Eureka...it's yours


   I never thought that it would happen to me...but it did and I could not figure out how to fix it.  I sure that it really doesn't matter why I created it but somehow I did and I posted it.  It is thee forever...for a damned eternity.
   After I sent it into the 'net cloud' to circle the globe forever, I realized that I had made a huge mistake.

   I thought about blaming my neighbor but he and I have always tried to maintain a civil relationship.  I really don't like him and it would have been really awesome to dump the damn thing on him but what if he knew that I was the guilty party...then...he could and would retaliate.   Damn, there is nothing worse than having a damned  neighbor that is always trying to get even.
   So I thought that maybe the church...you know...Pastor "I love everyone"...well I can tell you right now that the all loving Pastor said he would not love me...not if I dumped that burden of baloney on his pulpit...and the rest of the congregation?...well their love and kindness was very suspect...the "tar and feathers" kind of suspect.
   So, if a man of the cloth couldn't or wouldn't help me and my fellow "love thy neighbors" kind of neighbors couldn't or wouldn't help me, then where else was I to go?
   "Down there"...That's where!...and that's not a very nice place. I really didn't want to meet the guy or gal who ran the place but I had no choice.
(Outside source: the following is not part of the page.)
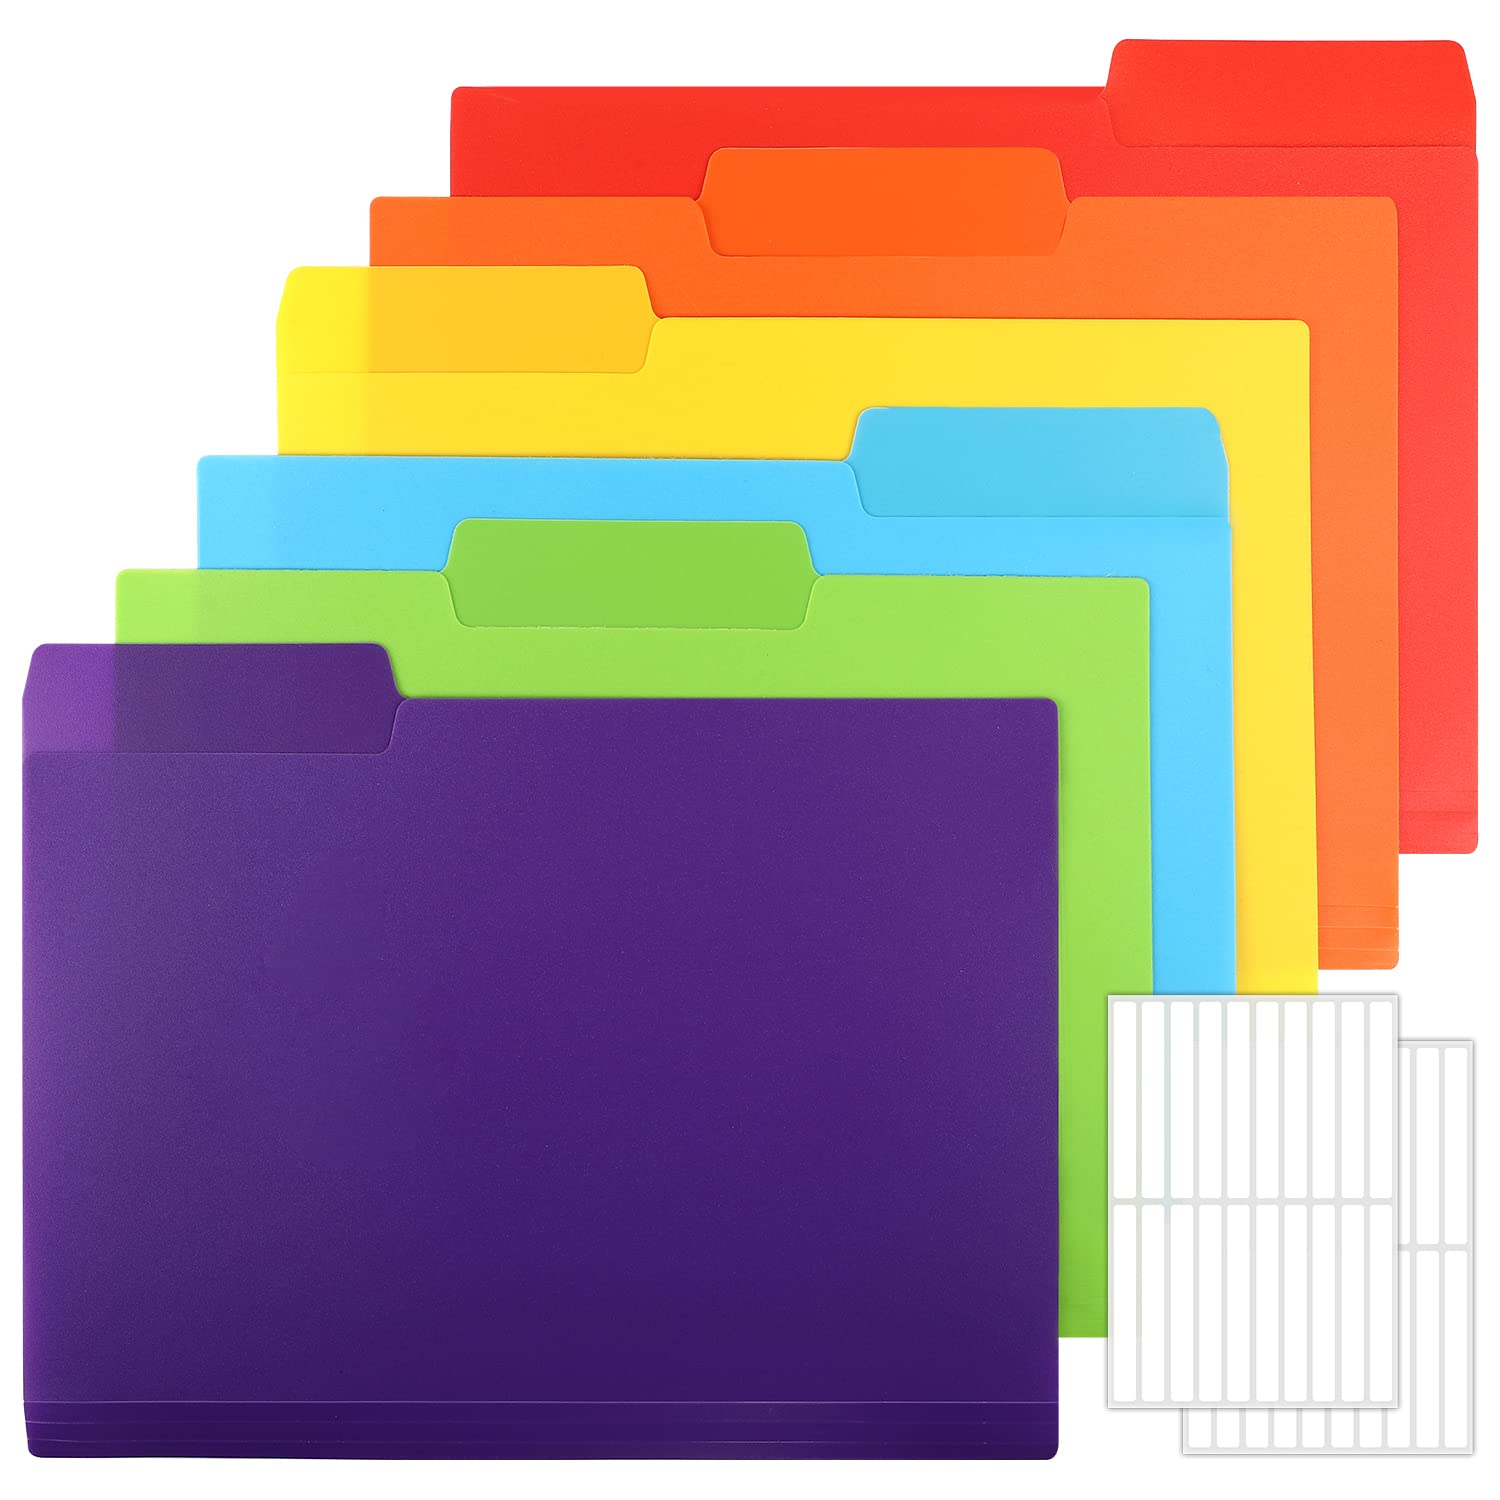 Category tabs or folders

   He or she was my last resort.  I just had to get rid of my burden.  After all, the agent called it a "damned piece of crap".  Actually he used words that were much worse but this is not an X-rated blog so I toned his remarks down...just a wee bit.
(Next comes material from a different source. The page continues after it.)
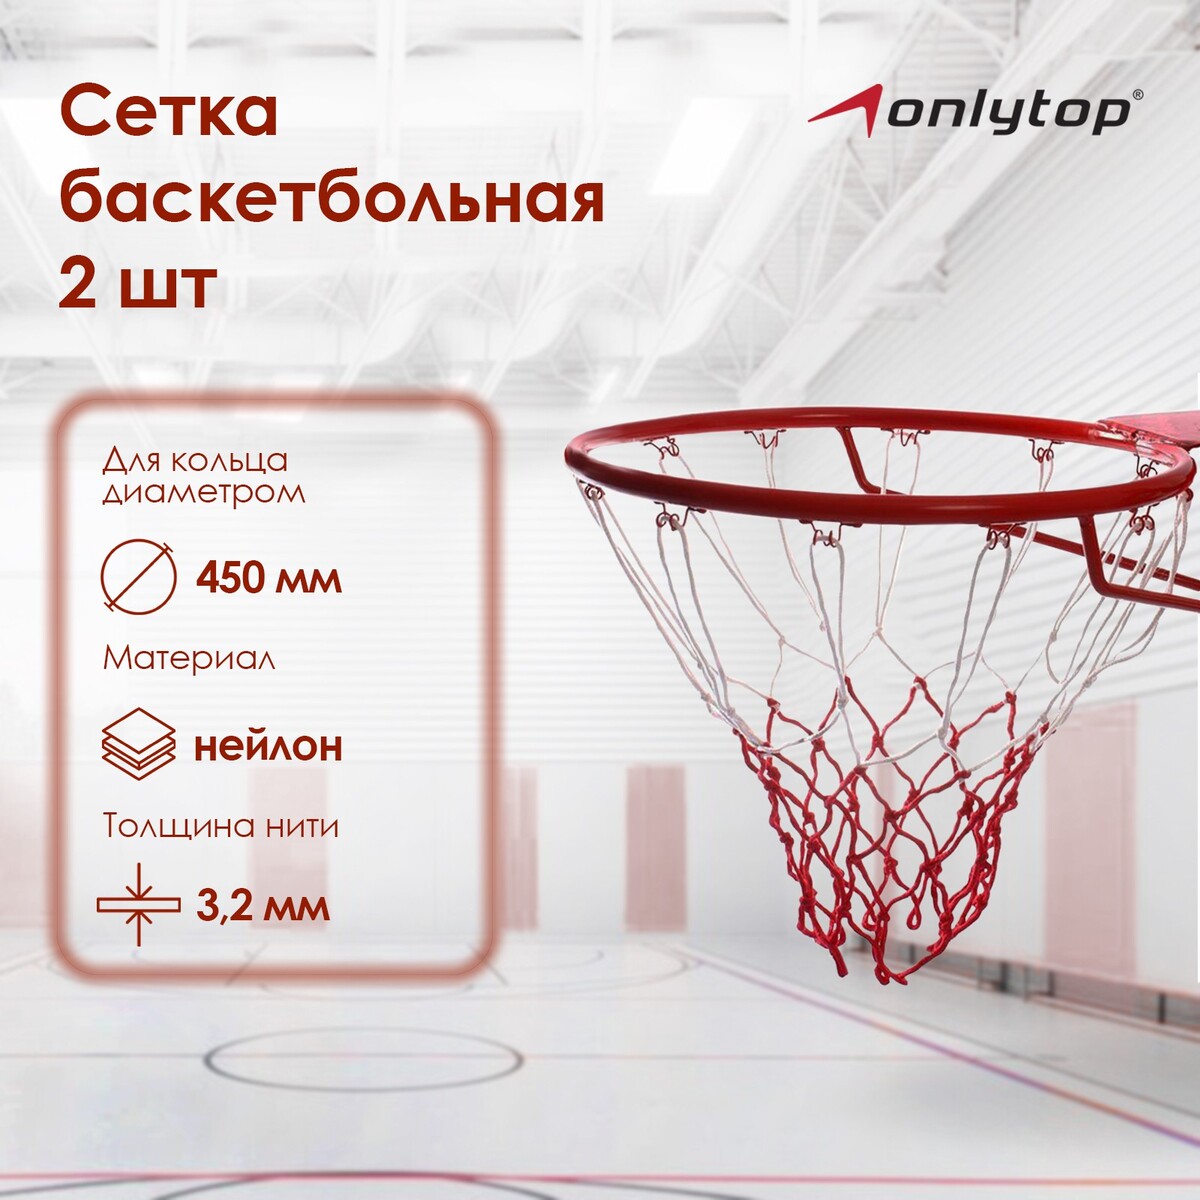 Сетка баскетбольная onlytop, 50 см, нить 3,2 мм, 2 шт. сетка баскетбольная onlytop 50 см нить 3 мм 2 шт

   However, his words did give me one of those... "Eureka moments".
   Eureka, I have it...damned...that's it...I'll have those people down below...the "Hellianites" burn the hell out of it.
   I made an appointment with hell.
   Well it turned out that the place was owned and ran by both a man and a woman but I think the woman was really the one in charge because when I sat down at the table she was chewing the red guy out for giving me the appointment.
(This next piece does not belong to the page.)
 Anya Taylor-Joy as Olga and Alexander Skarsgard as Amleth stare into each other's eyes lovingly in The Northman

   Their office was really strange.  Her side was like the South Pole.  It was decorated in cold blues and it was colder than hell.  Actually that couldn't be true because I was in hell.  His side was like the sun.  It was decorated in shades of reds and oranges and hotter than hell.  Dam, there I go again making hell hatter than hell.  No wander the damned book was so damned bad.
    She was Popsicle blue and screaming at him like a Banshee.  He was fire Red and trying to defend himself but all he could get out of his mouth was "but...but...but"...and with every 'but' out came a puff of black smoke.
    I waited for a moment and then excused myself for interfering but then she started in on me.  I didn't have to tell her my problem because she already knew why I was there.  She said that there was no way in hell that she or they were going to take the blame for writing that piece of "blankety-blank crap".  She cackled when she told me how bad my book was.  I believe she said, "You wrote it, you deal with it".  Then she pointed her finger at me and shot me with a blue lightning bolt.
   No, the bolt didn't kill me but it did blow me right out of the hell I was in.  It also left me with a tattoo of a blue lightning bold above my left nipple.
   Now there's a real twist for you.  Most people get blown to hell but I got blown out of hell.
   The next morning I stood in front of my mirror admiring my new blue lightning bolt tattoo and wondering how I was going to divorce myself of my own work when it dawned on me that all I had to do to get rid of that damned book was to sign someone else name to it.
    You better pray that I didn't sign yours.


20 comments:

  1. omg this was sooooo good!!! Now where's the damn book??? lol Thanks for the great read!!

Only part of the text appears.